E é aqui que começa a polêmica. Mesmo que não tenhamos noção de tempo, mas especificamente quanto tempo já passou desde que as duas se conheceram, entende-se que elas já tem uma certa intimidade e um relacionamento mais profundo, onde acontece a primeira relação das duas e junto, a cena que tornou o filme tão comentado. E de fato é uma cena longa, pode até ser incômoda de se assistir, (no caso se você assistir na sala com a família por perto) mas ela não é uma cena feita apenas com o intuito de ser expositiva ou atiçar hormônios, pois é algo que faz parte do desenvolvimento de Adèle e suas novas experiências, e como estamos acompanhando sua vida bem de perto, o sexo é algo que agora faz parte de sua vida, e toda a sua entrega aos momentos com sua nova namorada.

Agora há um debate acerca das diferenças entre as duas, principalmente na questão de classe social, pois enquanto podemos dizer que a condição financeira de Adèle não é das melhores, o mesmo não podemos dizer de Emma, que é uma aspirante a pintora e já tem um futuro bem encaminhado nesta área. Ainda há a questão da diferença entre os pais, pois os pais de Adèle são conservadores e dificilmente aceitariam que a filha namorasse uma outra mulher, já os pais de Emma que também são da área artística, sabem e aceitam a orientação sexual da filha. Mesmo com essas diferenças, as duas fazem parte agora do mundo da outra e se mostram interessadas nos gostos de cada uma.
O filme entra em uma segunda parte com as duas já na fase adulta. Emma já trabalha como pintora e Adèle é professora de crianças. Por mais que não tenhamos ciência de quantos anos se passaram exatamente, fica claro que os mesmos questionamentos de diferenças de classes sociais ainda permanece, e é muito evidente na sequência onde há uma festa na casa das duas, mais especificamente uma festa para receber os amigos de Emma, todos fazem parte do meio artístico e sempre parecem ser intelectuais, cultos, com níveis de estudos avançados e principalmente sempre tendo uma opinião sobre tudo. Adèle se sente deslocada nesse evento e começa a entrar em outros questionamentos de sua vida, principalmente relacionados a sua formação e seu trabalho.

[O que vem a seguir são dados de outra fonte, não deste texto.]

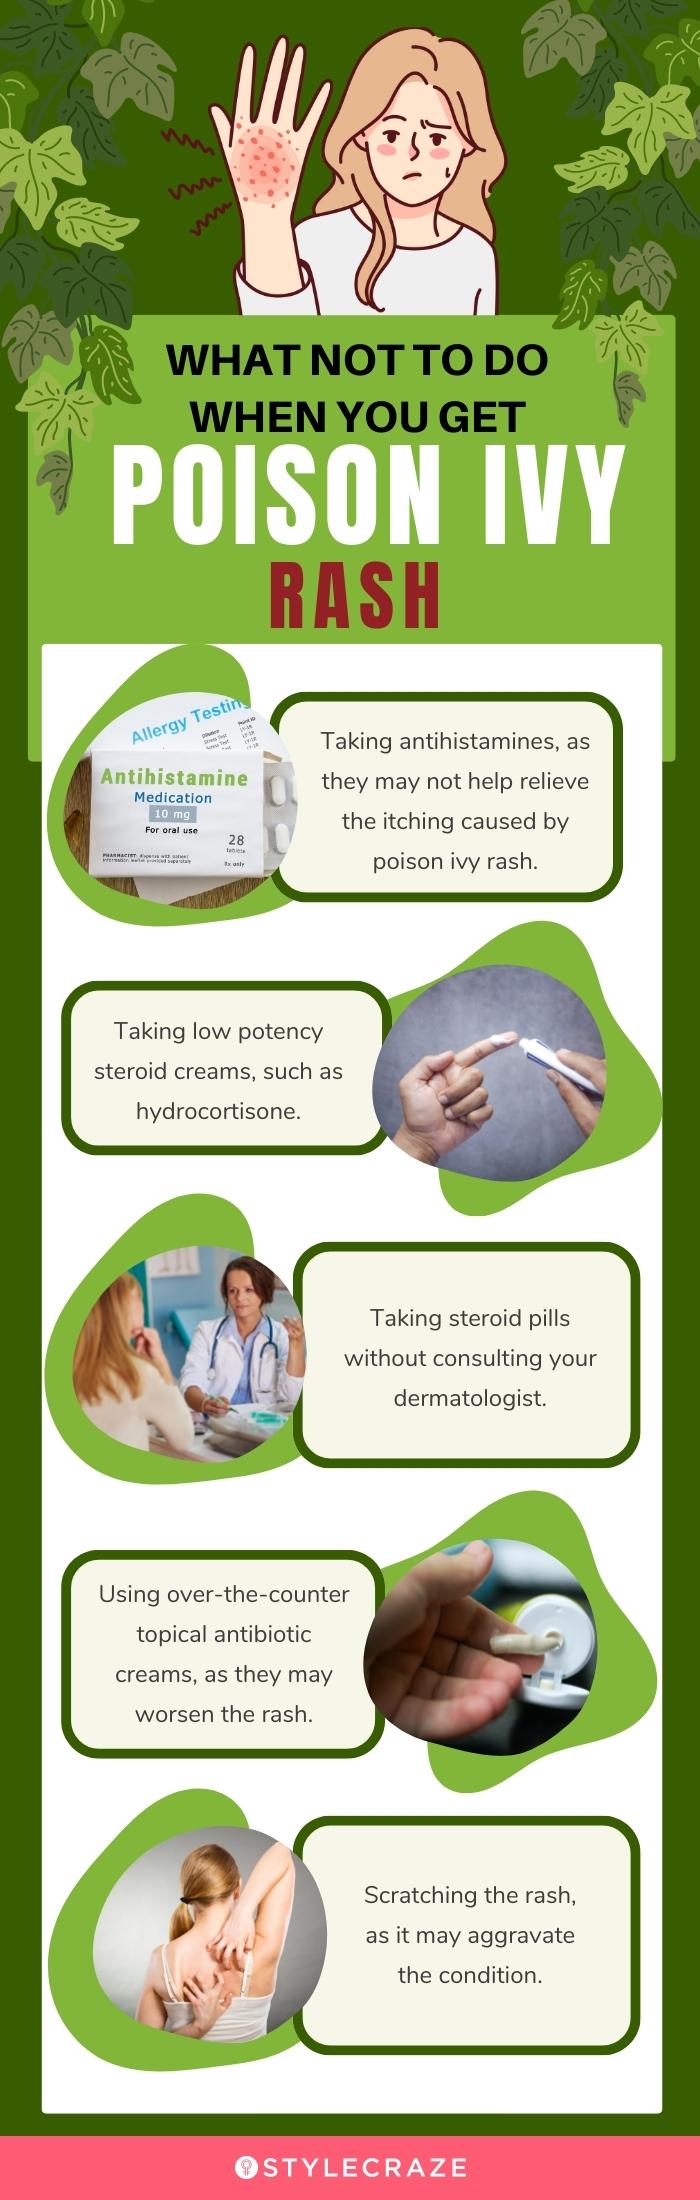 what not to do when you get poison ivy rash [infographic]

Algo que também muda entre essa transição de idade das duas, é a fotografia, que muda de acordo com o momento atual, pois logo no início até o começo do relacionamento, vemos uma fotografia com tons mais claros, em predominância do azul. Já na segunda parte do filme, essas cores se perdem um pouco mais, e boa parte da ambientação do filme acontece em locais fechados, como se literalmente indicando o começo da perda de cores no relacionamento das duas, que é até mesmo refletido nos cabelos de Emma.
As atuações de Adèle Exarchopoulos e Léa Seydoux, respectivamente Adèle e Emma, são bem naturais e espontâneas, em destaque para a atuação de Exarchopoulos que com simples expressões, passa insegurança, incertezas, conjugado com um belo trabalho de cabelo e maquiagem, ao longo do filme vemos o cabelo de Adèle de uma forma mais bagunçada, passando uma sensação de descuido, conforme o filme avança, ela vai mudando de penteado demonstrando uma certa maturidade. E talvez a escolha de que o nome da atriz fosse o mesmo da personagem, deve ter ajudado muito no seu processo de desenvolvimento.
Azul é a Cor Mais Quente não é bem um filme sobre a descoberta de orientação sexual, mesmo que o filme crie debates sobre Adèle ser lésbica ou bissexual, o que de fato poderíamos concluir ou apenas pensar sobre as atitudes dela que possam levar a uma conclusão. Mas acima de tudo é um filme que passa a naturalidade da vida de uma adolescente, conforme ela vai crescendo, aprendendo coisas sobre a vida e aprendendo mais sobre si mesma, com os sentimentos mais genuínos do ser humano, e é óbvio que na busca de realização também somos fadados a cometer erros, o que não significa exatamente que somos pessoas ruins, somos imperfeitos, que de um certo modo tentamos atingir a perfeição, e Azul é a Cor Mais Quente ou A Vida de Adèle entende a importância desse sentimento.